▸ WORK INSTRUCTION:
Return the listing below unchanged, except that the pictures are dropped.

▸ GIVEN MATERIAL:
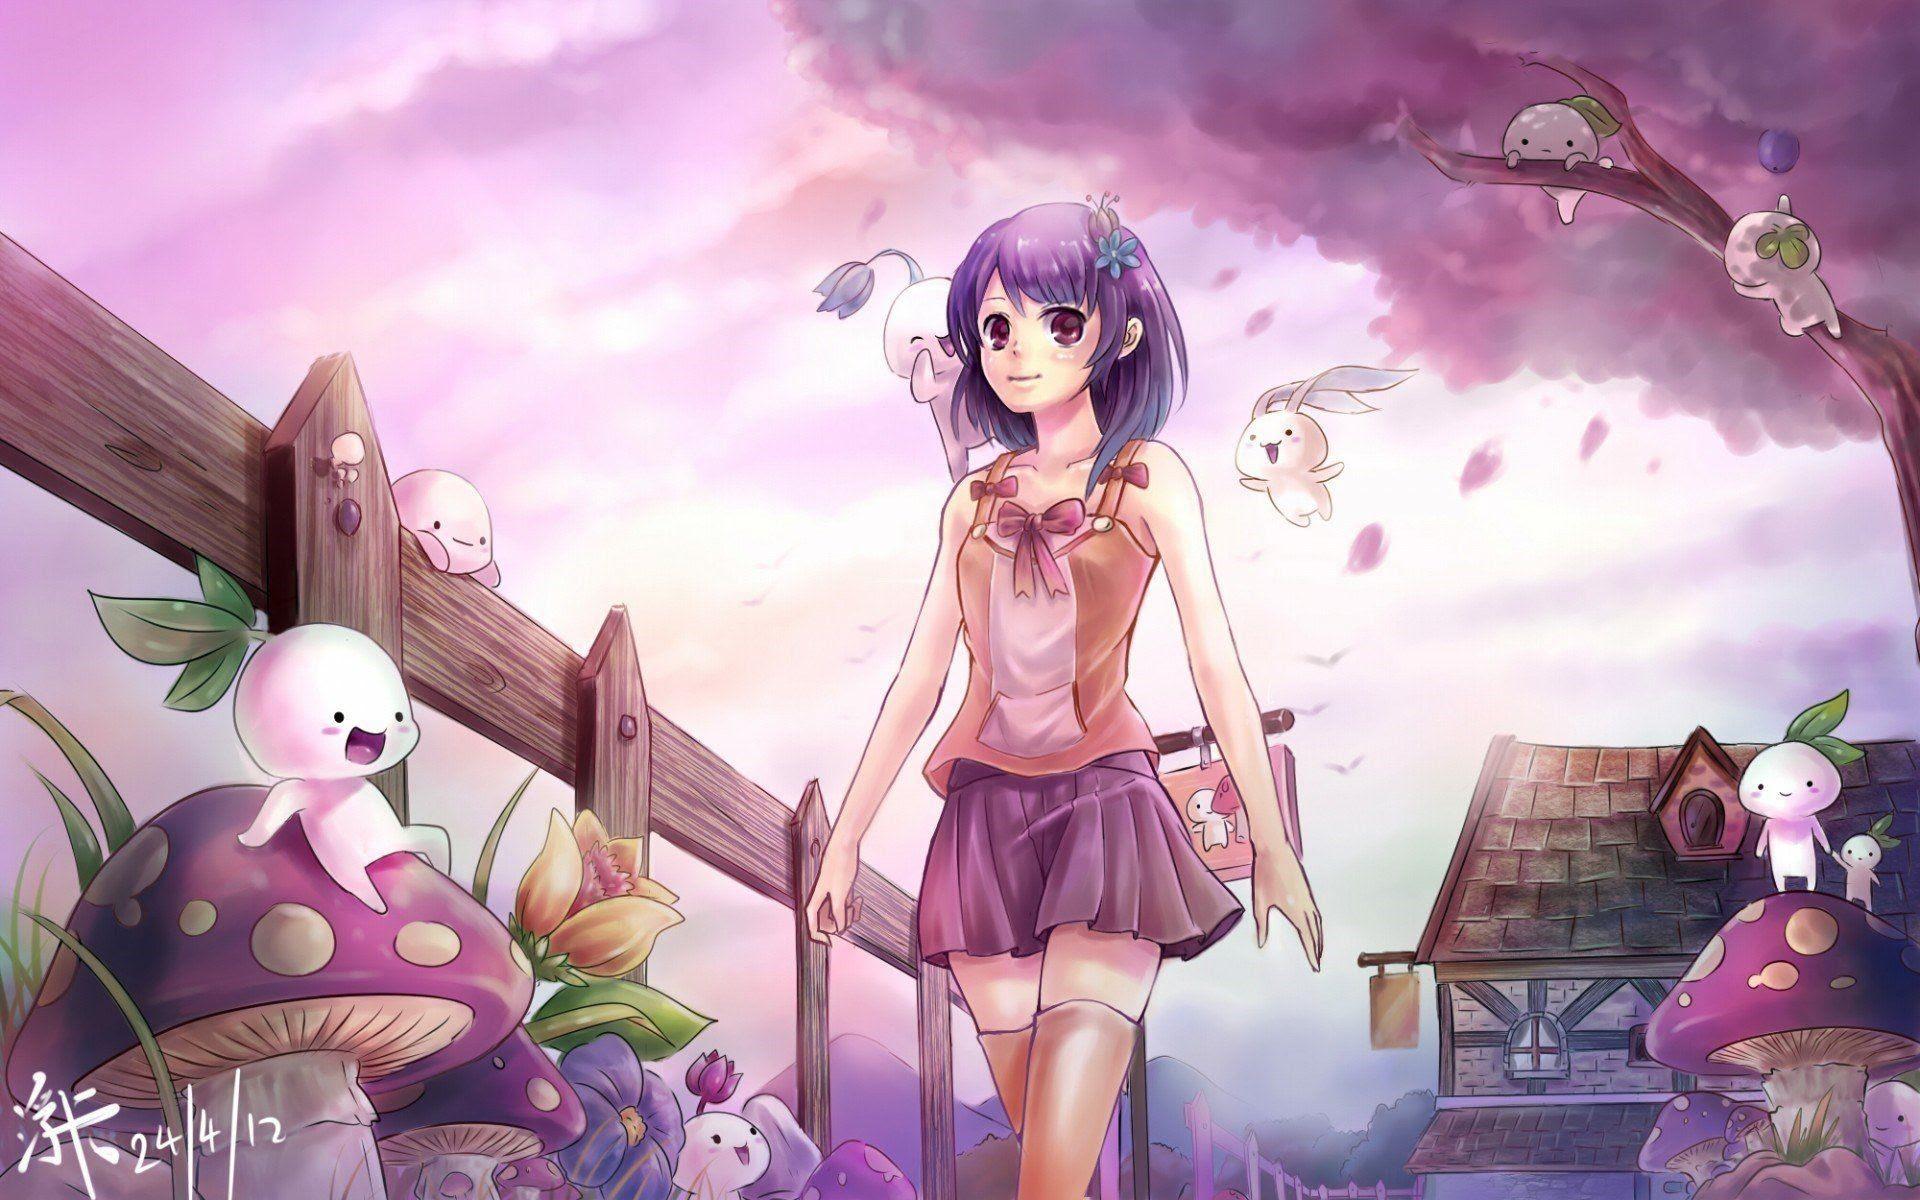 Download 300 Wallpaper Anime Hd Laptop HD Gratis
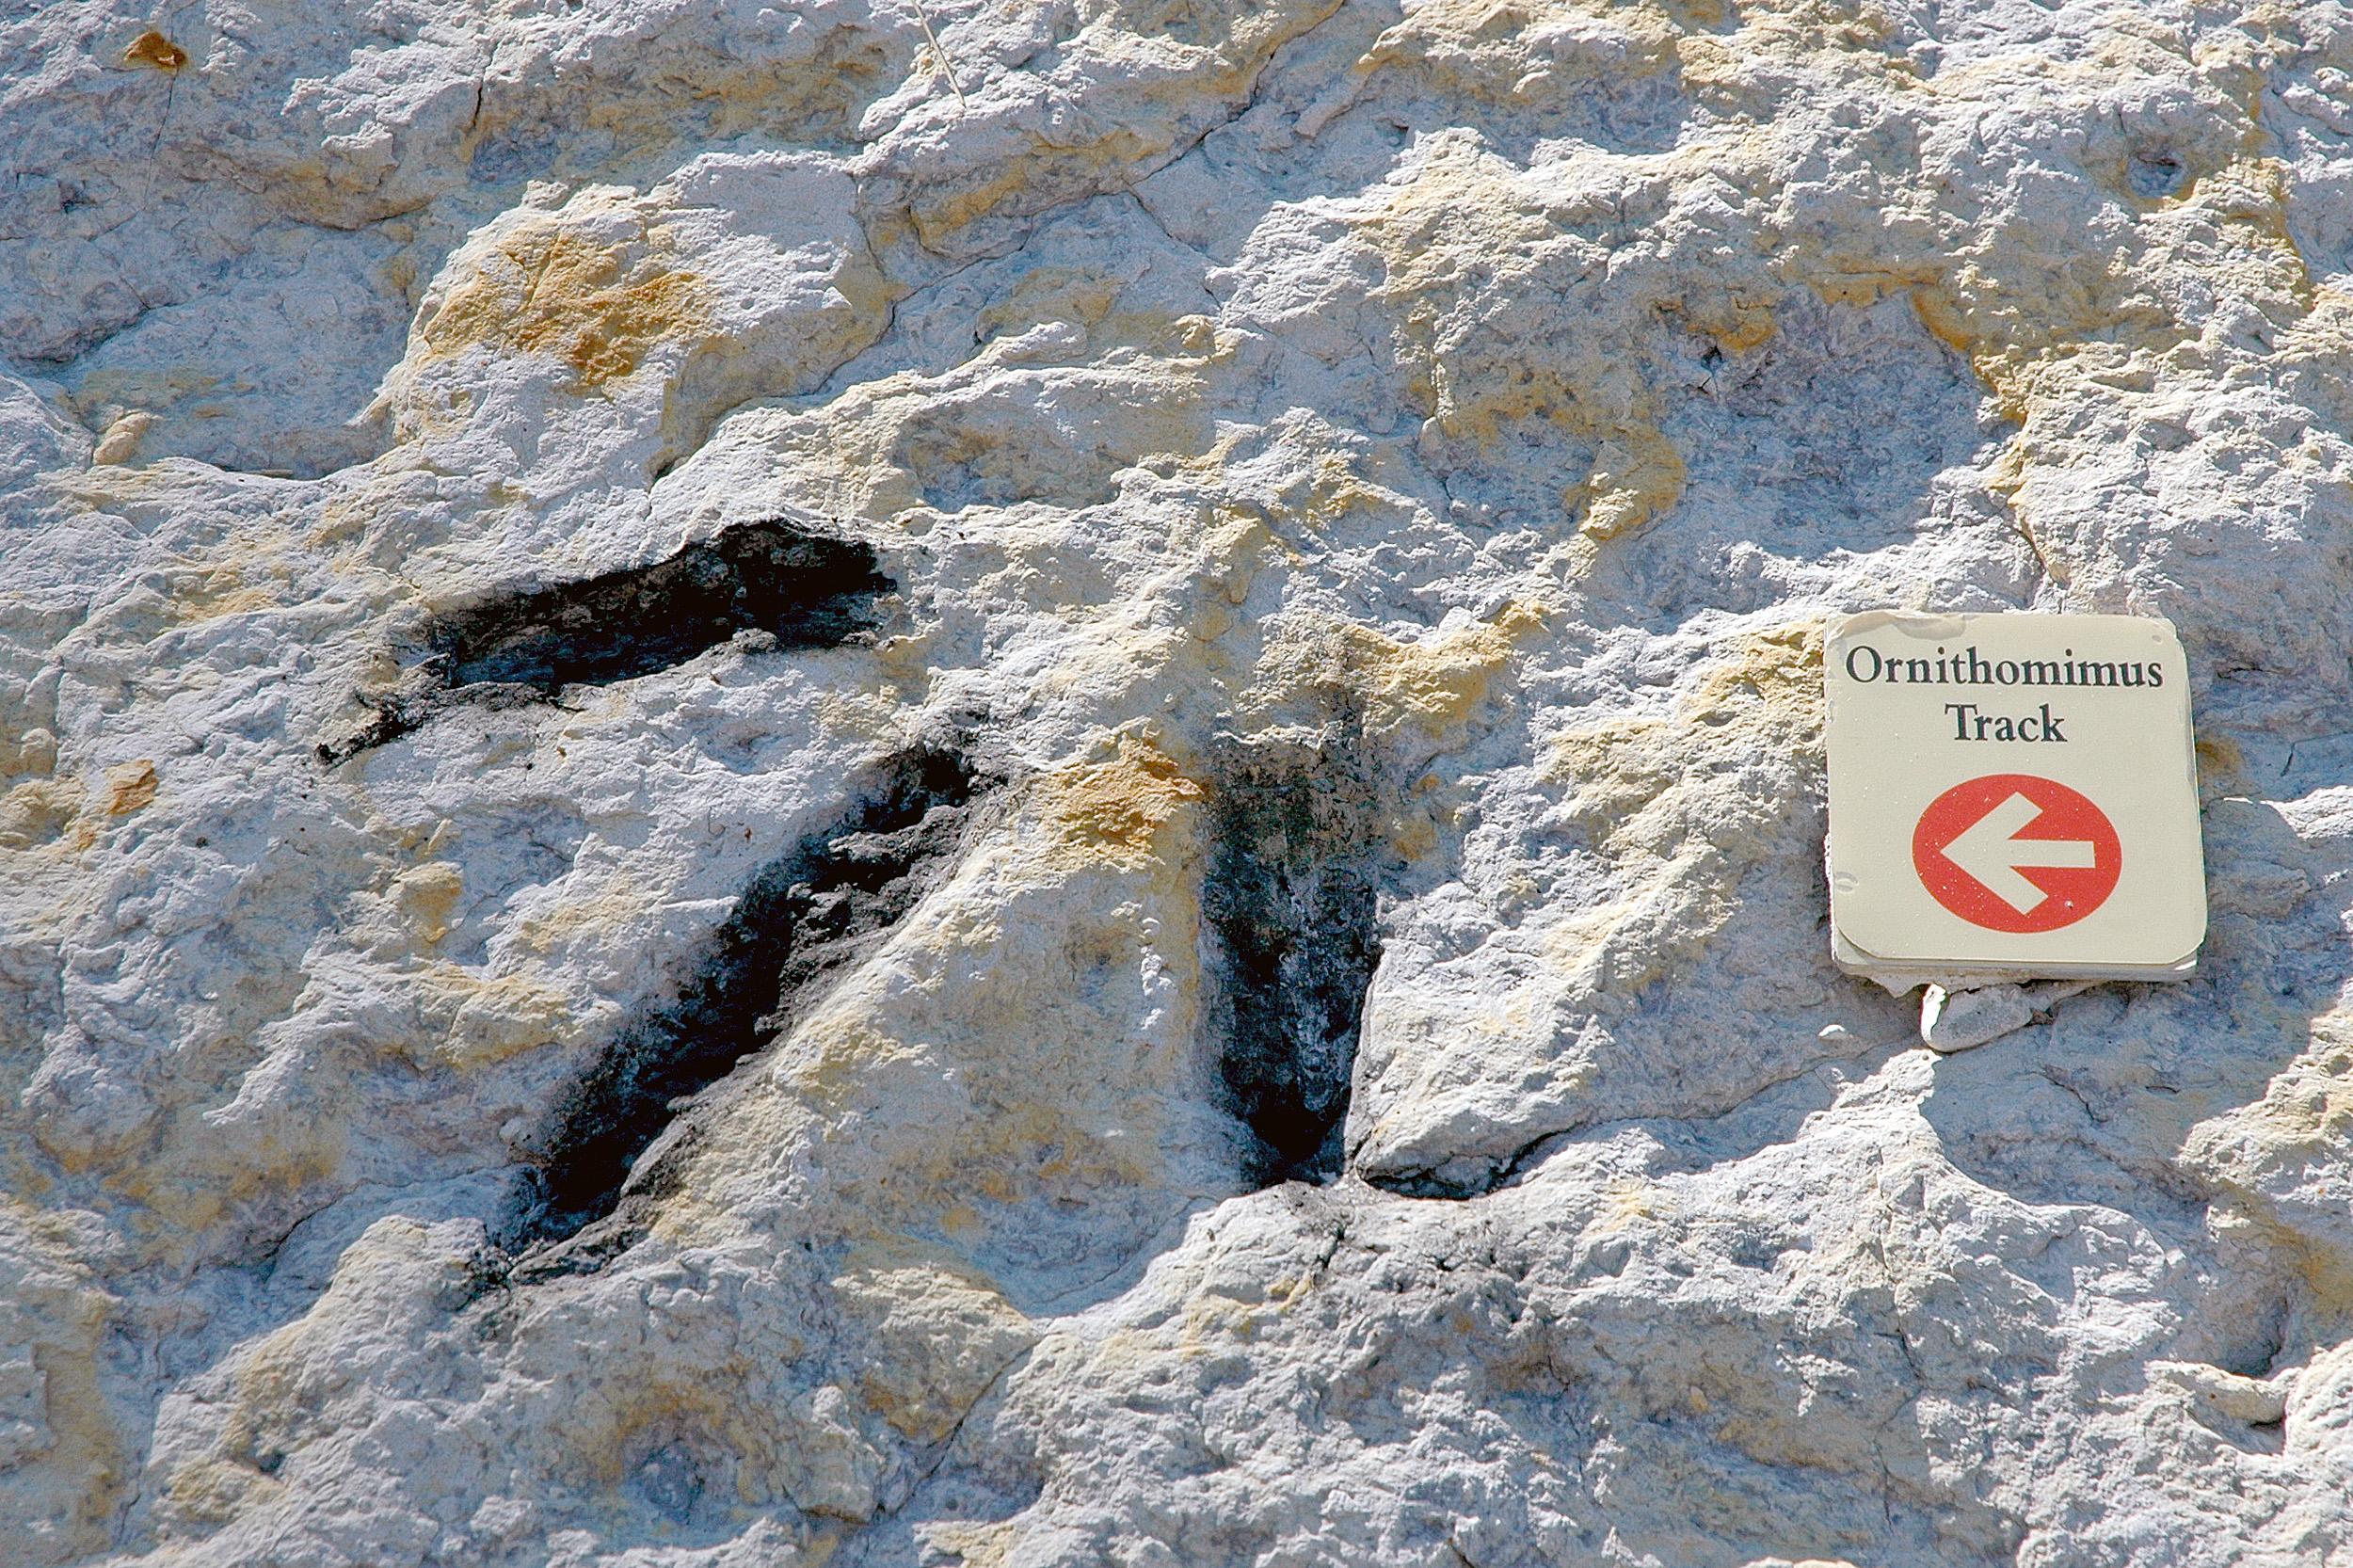 Ornithomimus Dinosaur Ridge denver colorado
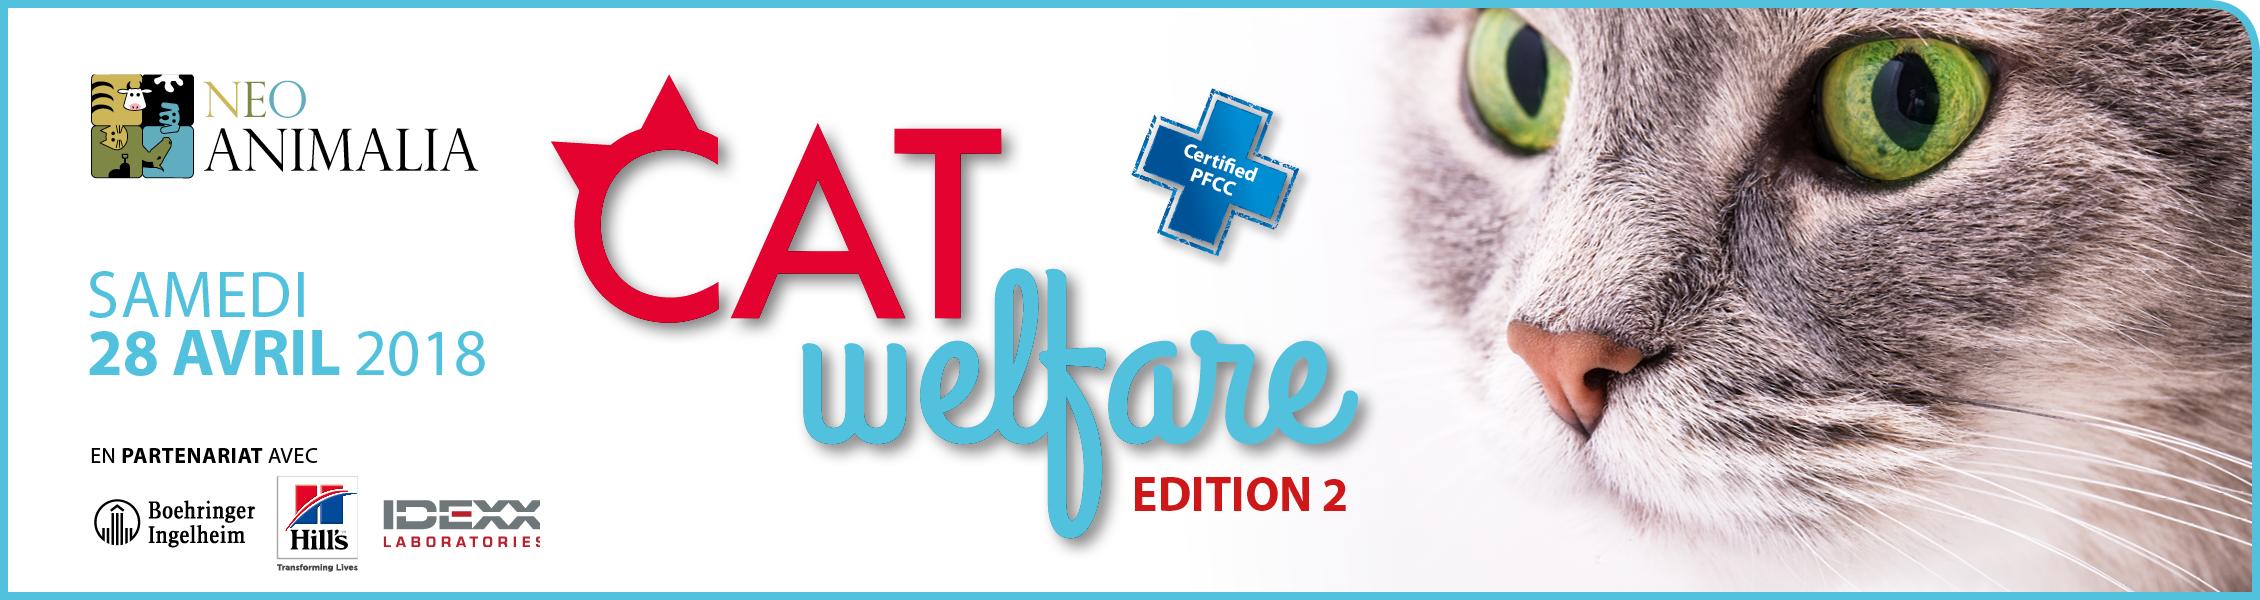 CAT Welfare Édition 2 FR

▸ EXERCISE OUTPUT:
 Download 300 Wallpaper Anime Hd Laptop HD Gratis
 Ornithomimus Dinosaur Ridge denver colorado
 CAT Welfare Édition 2 FR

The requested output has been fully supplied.